Sindrome di Hourglass; questo il nome dell’unica malattia che potete contrarre se siete giovani e se aspettate di lavorare in Italia. I tassi di disoccupazione sono così alti che la nostra società, vecchia e immobile, vi può offrire solo un disturbo che colpisce chiunque si sia seduto davanti a un monitor ad aspettare che la sabbia nella clessidra del proprio pc abbia finito di scendere.
Ormai viviamo in una società “fragile, isolata ed etero diretta”, con una classe politica più o meno “prigioniera del primato dei poteri finanziari”: nel suo quarantacinquesimo Rapporto sulla situazione sociale del Paese il Censis ci vede così. È “illusorio” pensare che i poteri finanziari disegnino sviluppo, perché lo sviluppo “si fa con energie, mobilitazioni, convergenze collettive”. E noi, parlo del “sistema Paese” sembriamo aver smarrito la via, siamo fermi a parlare di articolo 18 senza nemmeno capire che ai nostri giovani nemmeno interessa, loro non ne hanno e non ne avranno mai diritto.

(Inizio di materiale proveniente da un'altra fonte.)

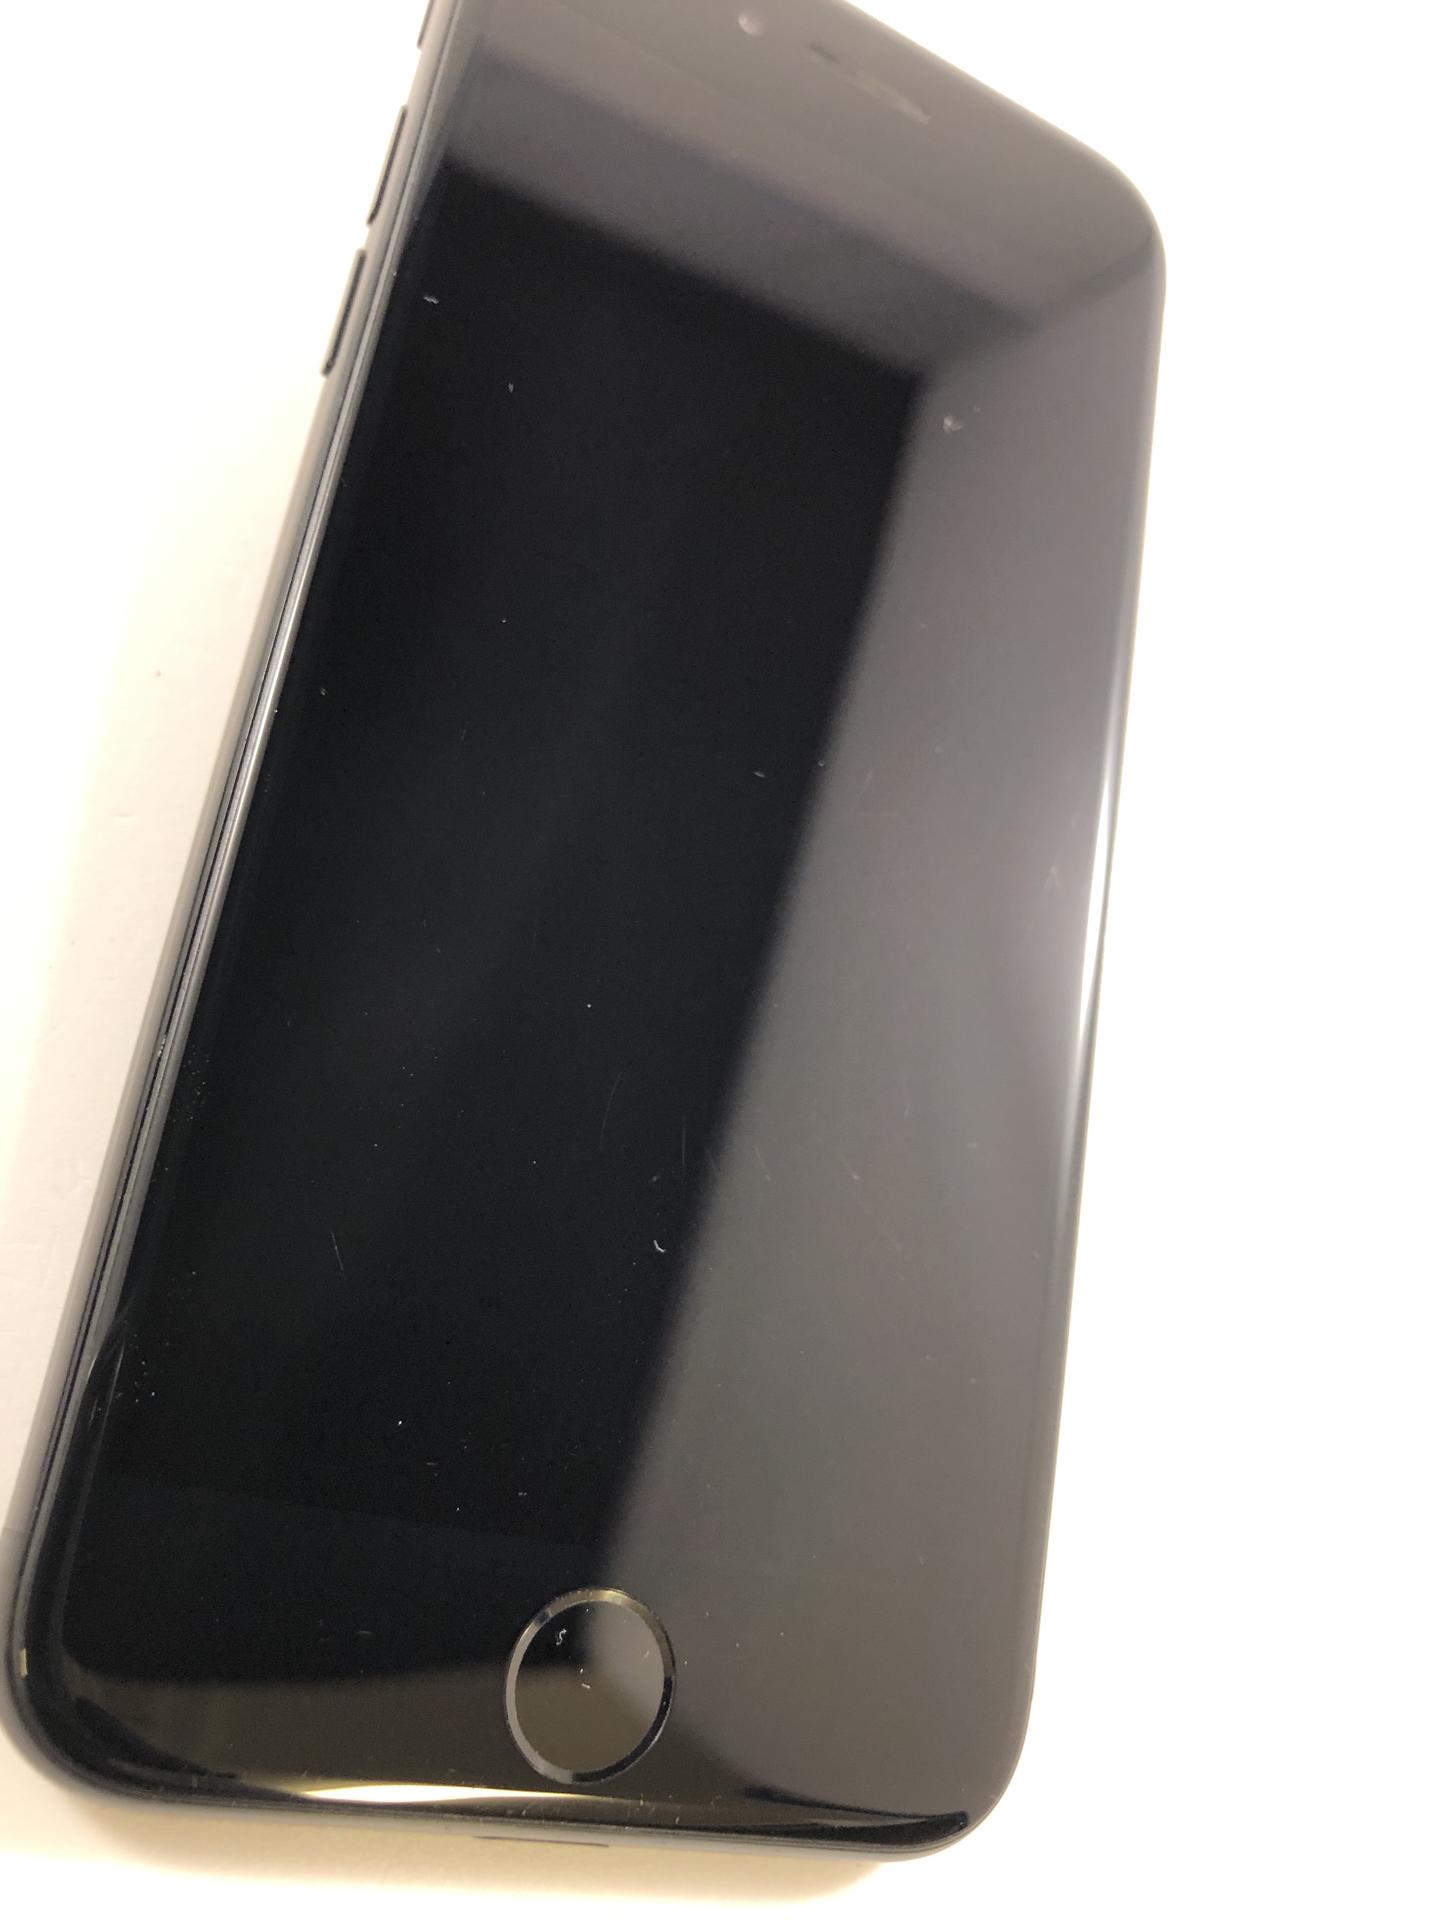 iPhone 7 32GB, 32GB, Jet Black, bild 3

Anche quest’anno l’ultimo rapporto del Censis, reso noto il 2 dicembre scorso, ci aiuta a capire il cambiamento “geografico, antropologico, dell’economia e del lavoro, del rapporto tra vecchie e nuove generazioni - scrive Sebastiano Malamocco, presidente di “Geograficamente: conservazioni e trasformazioni virtuose del territorio” -, che caratterizzano la forte crisi dell’Italia (come soggetto multiplo culturale ed economico nel mondo) e della sua società, che sembra non capire più bene chi sia e dove voglia andare”.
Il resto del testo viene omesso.